We found that deep learning-based AutoML on a cloud platform is useful for the classification of dental implant systems with high accuracy. This was achieved through collaboration based on an online cloud system. Higher-quality implant images from various institutions and dental hospitals are required to improve the performance and clinical usability of this model.

Conflicts of interest

No potential conflict of interest relevant to this article was reported.

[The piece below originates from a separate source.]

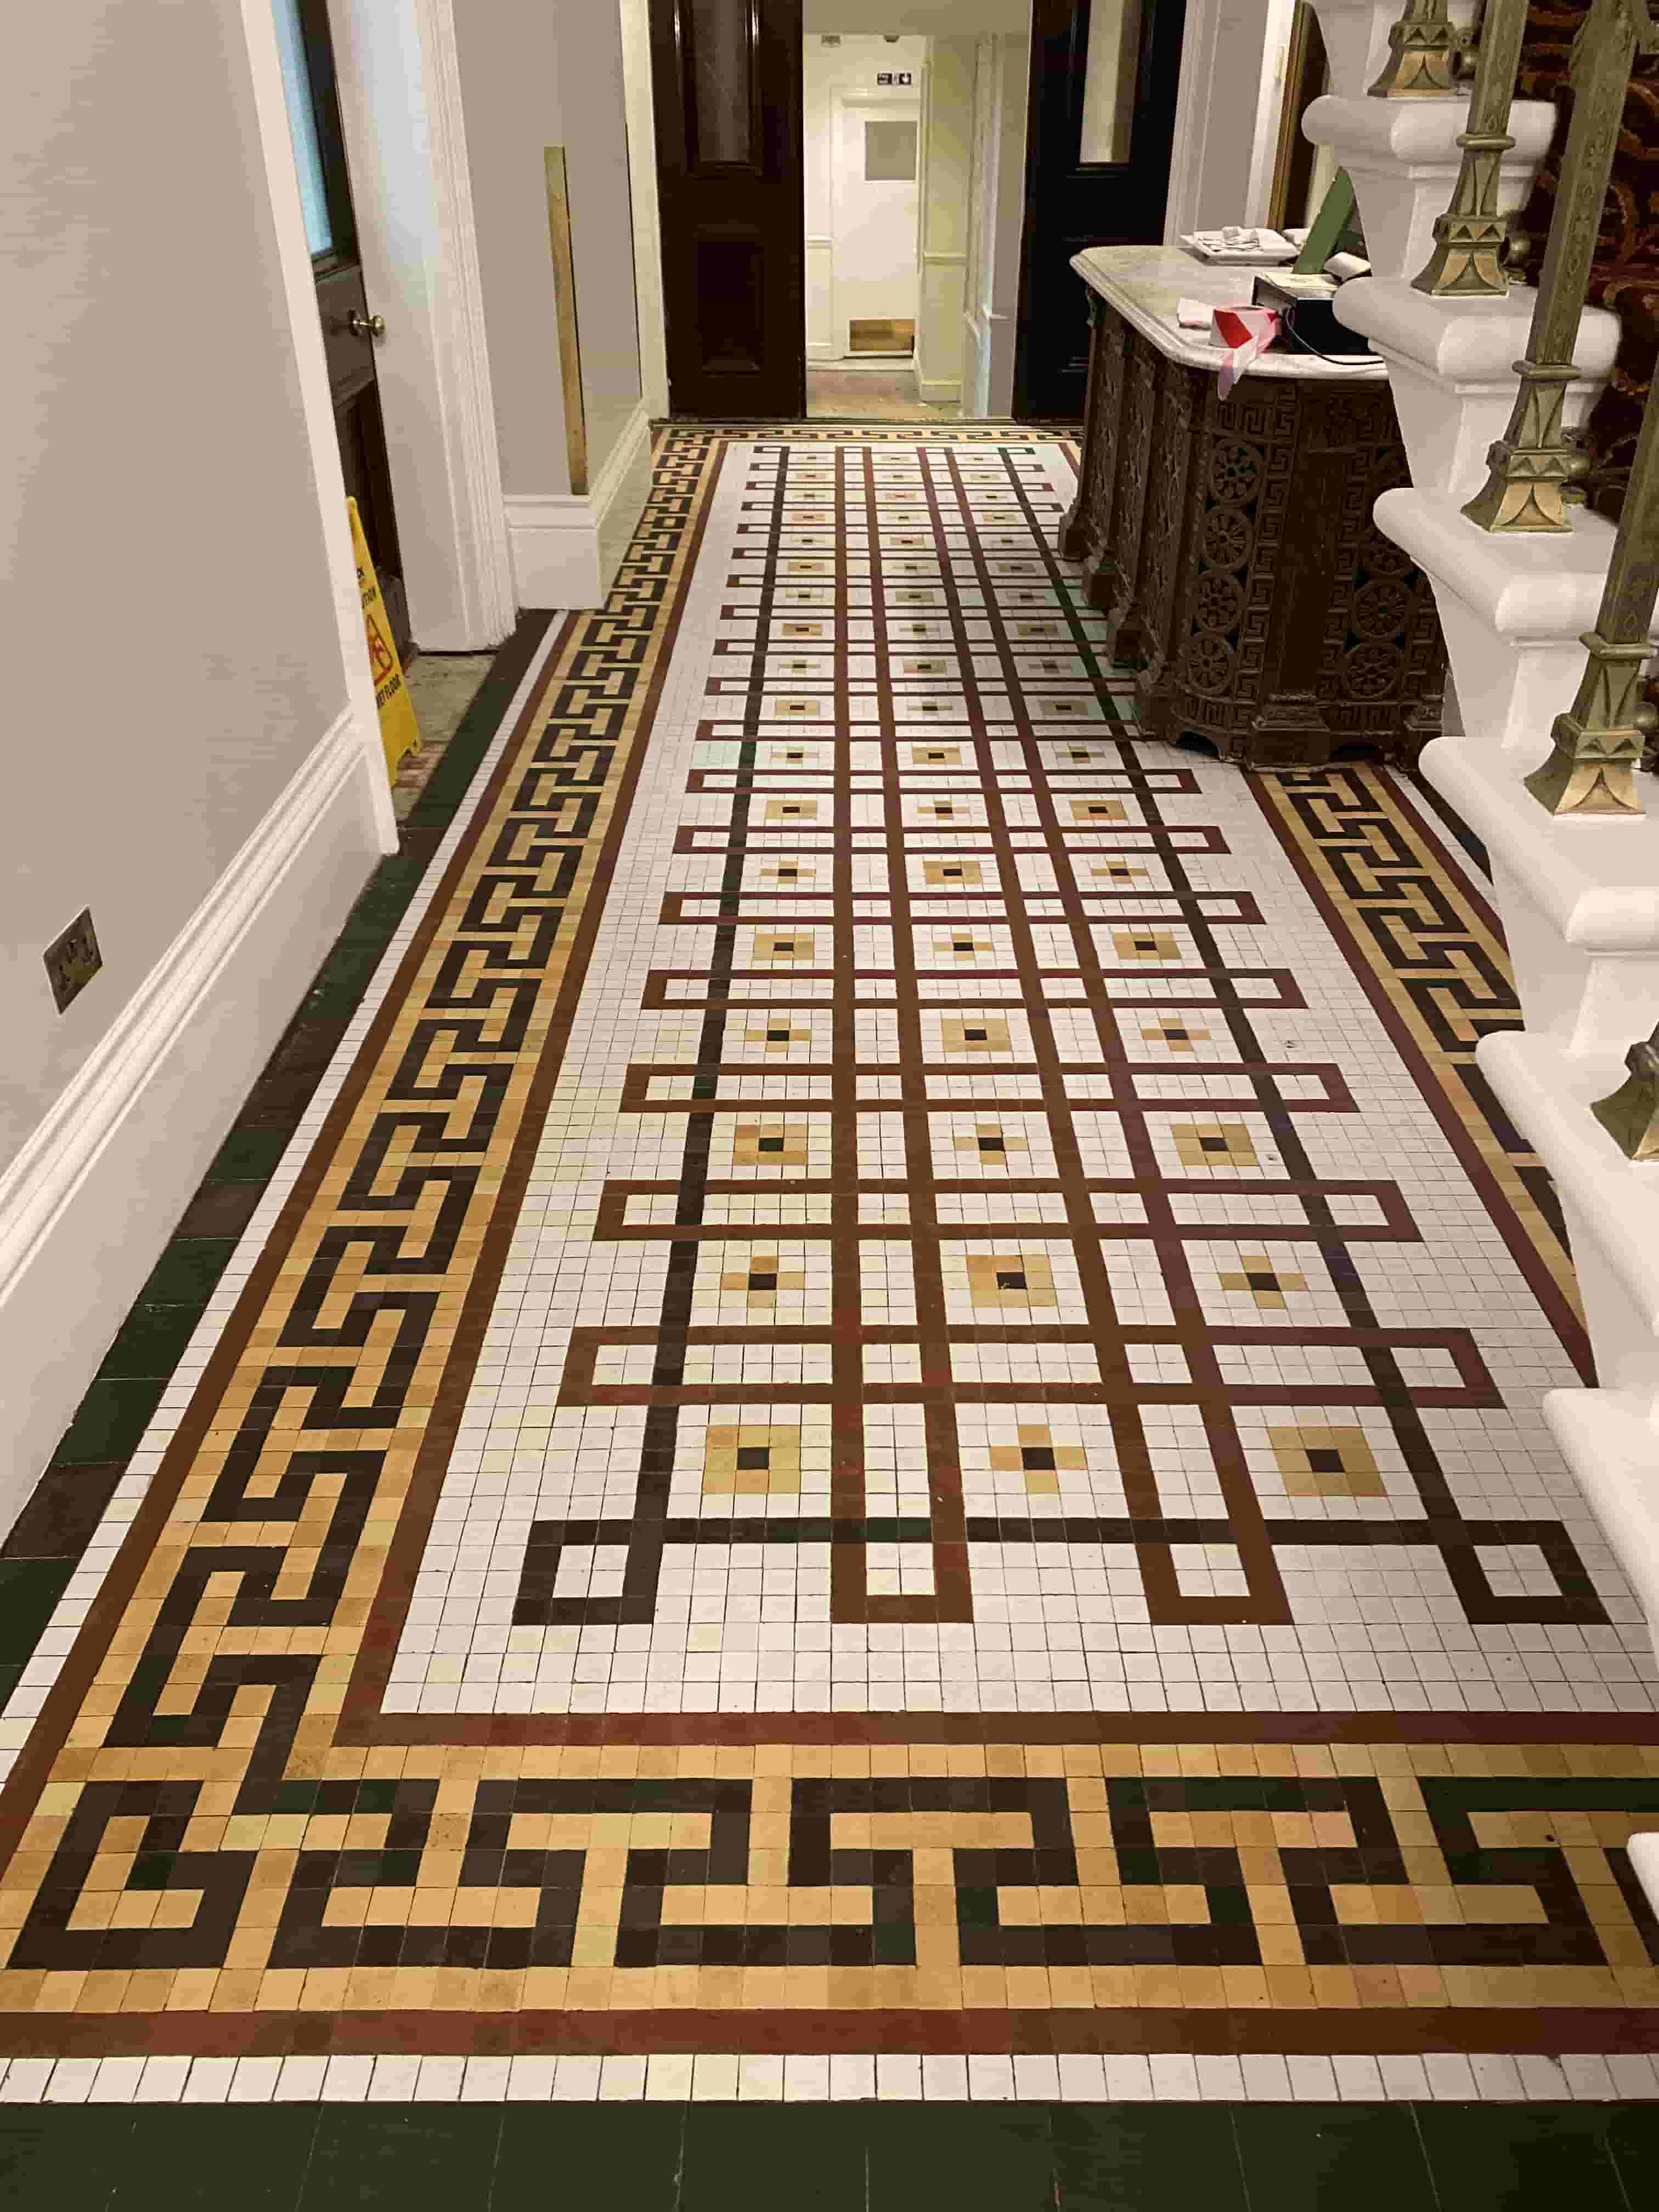 Hotel Tesserae Stone Mosaic Tiled Floor After Renovation Taplow

This study was supported by Wonkwang University in 2023.

Fig. 1.
Periapical radiographs and cropped images of the four types of selected implants. TSIII and USII: Osstem Implant Co. Ltd., Seoul, Korea; Osseotite External: Biomet 3i LLC, West Palm Beach, FL, USA; Xive S plus: Dentsply Sirona, York, PA, USA.
Fig. 2.
Precision and recall curves on confidence threshold. (A) Precision-recall curve. It shows the trade-off between precision and recall. (B) Precision-recall by confidence threshold. It shows how model performs on the top-scored label along the full range of confidence threshold values.
Fig. 3.
Confusion matrix for multiclass classification using Google AutoML Vision user interface. TSIII and USII: Osstem Implant Co. Ltd., Seoul, Korea; Osseotite External: Biomet 3i LLC, West Palm Beach, FL, USA; Xive S plus: Dentsply Sirona, York, PA, USA; Google AutoML Vision: Google LLC, Mountain View, CA, USA.
Fig. 4.
Examples of false negatives and false positives. USII: Osstem Implant Co. Ltd., Seoul, Korea; Osseotite External: Biomet 3i LLC, West Palm Beach, FL, USA; Xive S plus: Dentsply Sirona, York, PA, USA.
Table 1.
Dental implant systems and the number of images used for model learning
Variable Dental implant system
TSIII USII Osseotite External Xive S plus
Manufacturer Osstem Implant Co. Ltd. Osstem Implant Co. Ltd. Biomet 3i LLC Dentsply Sirona
Connection type Internal hexagon External hexagon External hexagon Internal hexagon
Diameter (mm) 3.0–7.0 3.5–5.0 3.25–6.0 3.0–5.5
Length (mm) 7.0–13.0 7.0–13.0 8.5–15.0 8.0–15.0
Total images 1,200 1,200 1,200 1,200
 Train images 958 960 958 960
 Validation images 119 120 119 120
 Test images 123 120 123 120
Table 2.
Model performance of implant system classification
Variable Dental implant system Overall
TSIII USII Osseotite External Xive S plus
Accuracy 1.000 0.969 0.965 0.988 0.981
Precision 1.000 0.957 0.927 0.967 0.963
Recall 1.000 0.925 0.935 0.983 0.961
Specificity 1.000 0.976 0.975 0.989 0.985
F1 score 1.000 0.941 0.931 0.975 0.962

TSIII and USII: Osstem Implant Co. Ltd., Seoul, Korea; Osseotite External: Biomet 3i LLC, West Palm Beach, FL, USA; Xive S plus: Dentsply Sirona, York, PA, USA.

Table 3.
Total cost for model training and deployment on Google AutoML Vision platform
Component Type Charge rate Resource for study Cost for study
Model training Single-label classification $3.15 per node hour 32 node hour $100.8
Model deployment Online serving $1.25 per node hour 1 node hour $1.25
Batch serving $2.02 per node hour used, with the first node hour free per account 0 $0

Google AutoML Vision: Google LLC, Mountain View, CA, USA.